简体   繁体   English

使用BufferedReader(Java)翻译字符串中的单词

[英]Translate words in a string using BufferedReader (Java)

I've been working on this for a few days now and I just can't make any headway. 我已经在这方面工作了几天,我无法取得任何进展。 I've tried using Scanner and BufferedReader and had no luck. 我尝试过使用Scanner和BufferedReader,但没有运气。

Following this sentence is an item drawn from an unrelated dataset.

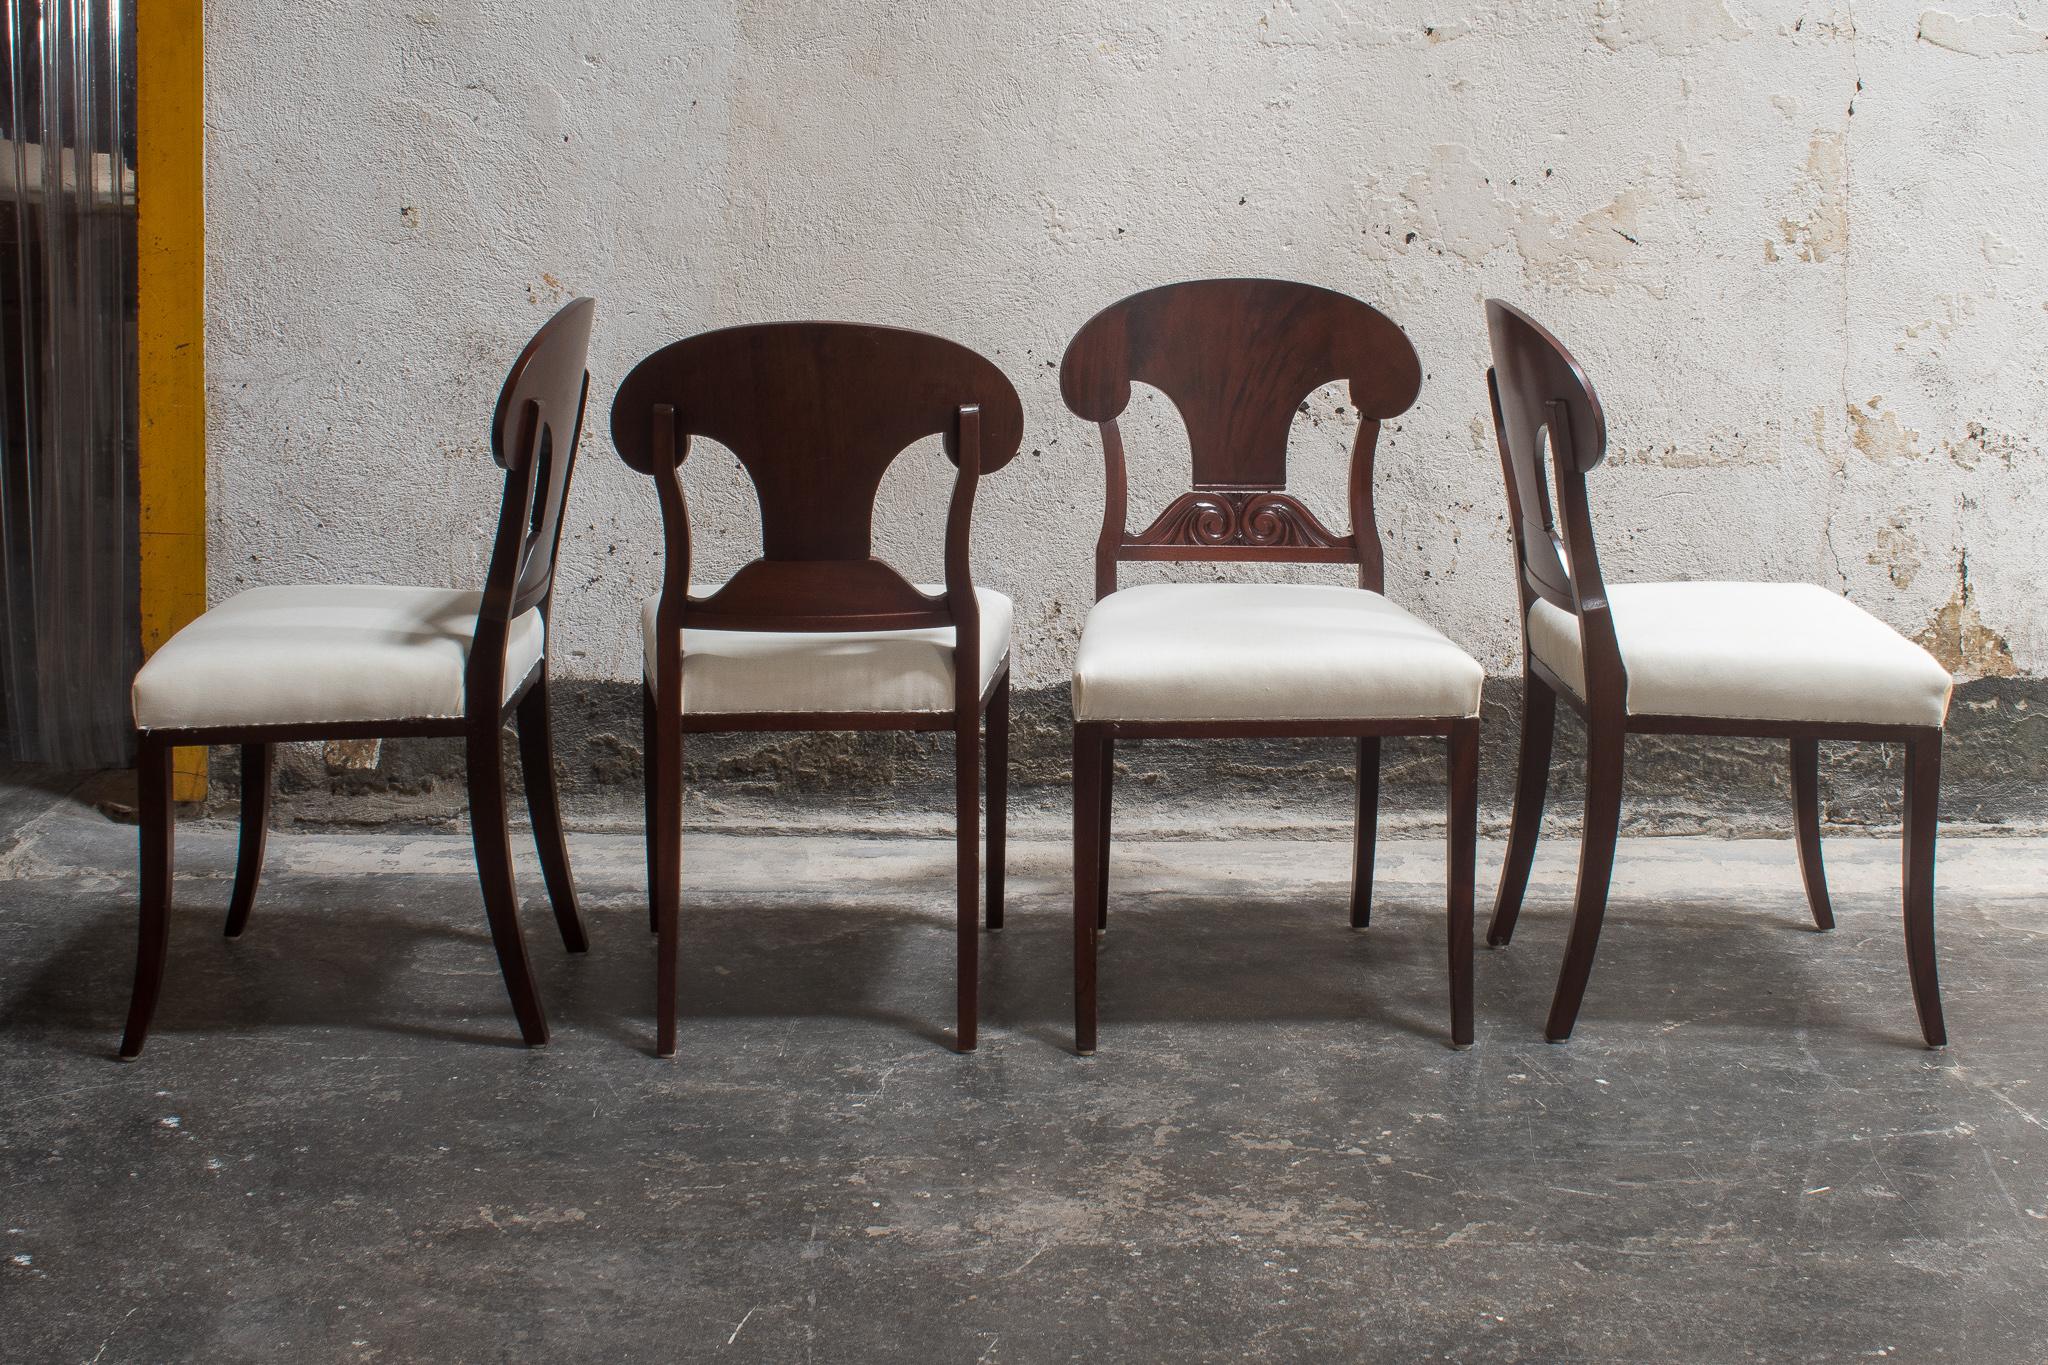 Swedish Karl Johan (Biedermeier) Revival Napoleon Hat Dining Chairs. Shovel-shaped backrest with decorative scroll carved center bar. These mahogany dining chairs come in a rare set of 8, unusual for the period and perfect for today's dining rooms.

Basically, I have a working method (shortenWord) that takes a String and shortens it according to a text file formatted like this: 基本上,我有一个工作方法(shortenWord),它接受一个String并根据格式如下的文本文件缩短它:

hello,lo
any,ne
anyone,ne1
thanks,thx

It also accounts for punctuation so 'hello?' 这也是标点符号所以'你好?' becomes 'lo?' 成为'lo?' etc. 等等

I need to be able to read in a String and translate each word individually, so "hello? any anyone thanks!" 我需要能够读取字符串并单独翻译每个单词,所以“你好?任何人都感谢!” will become "lo? ne ne1 thx!", basically using the method I already have on each word in the String. 将变成“lo ne ne1 thx!”,基本上使用我已经对String中每个单词的方法。 The code I have will translate the first word but then does nothing to the rest. 我所拥有的代码将翻译第一个单词,但其余部分则不做任何操作。 I think it's something to do with how my BufferedReader is working. 我认为这与我的BufferedReader如何工作有关。

import java.io.*;

public class Shortener {
    private FileReader in ;
    /*
     * Default constructor that will load a default abbreviations text file.
     */
    public Shortener() {
        try {
            in = new FileReader( "abbreviations.txt" );
        }       

        catch ( Exception e ) {
            System.out.println( e );
        }
    }

    public String shortenWord( String inWord ) {
        String punc = new String(",?.!;") ;
        char finalchar = inWord.charAt(inWord.length()-1) ;
        String outWord = new String() ;
        BufferedReader abrv = new BufferedReader(in) ;

            // ends in punctuation
            if (punc.indexOf(finalchar) != -1 ) {
                String sub = inWord.substring(0, inWord.length()-1) ;
                outWord = sub + finalchar ;


            try {
                String line;
                while ( (line = abrv.readLine()) != null ) {
                    String[] lineArray = line.split(",") ;
                        if ( line.contains(sub) ) {
                            outWord = lineArray[1] + finalchar ;
                            }
                        }
                    }

            catch (IOException e) {
                System.out.println(e) ;
                }
            }

            // no punctuation
            else {
                outWord = inWord ;

                try {
                String line;

                    while( (line = abrv.readLine()) != null) {
                        String[] lineArray = line.split(",") ;
                            if ( line.contains(inWord) ) {
                                outWord = lineArray[1] ;
                            }
                        }
                    }

                catch (IOException ioe) {
                   System.out.println(ioe) ; 
                }
            }

        return outWord;
    }

    public void shortenMessage( String inMessage ) {
         String[] messageArray = inMessage.split("\\s+") ;
         for (String word : messageArray) {
            System.out.println(shortenWord(word));
        }
    }
}

Any help, or even a nudge in the right direction would be so much appreciated. 任何帮助,甚至是正确方向的推动都会受到如此多的赞赏。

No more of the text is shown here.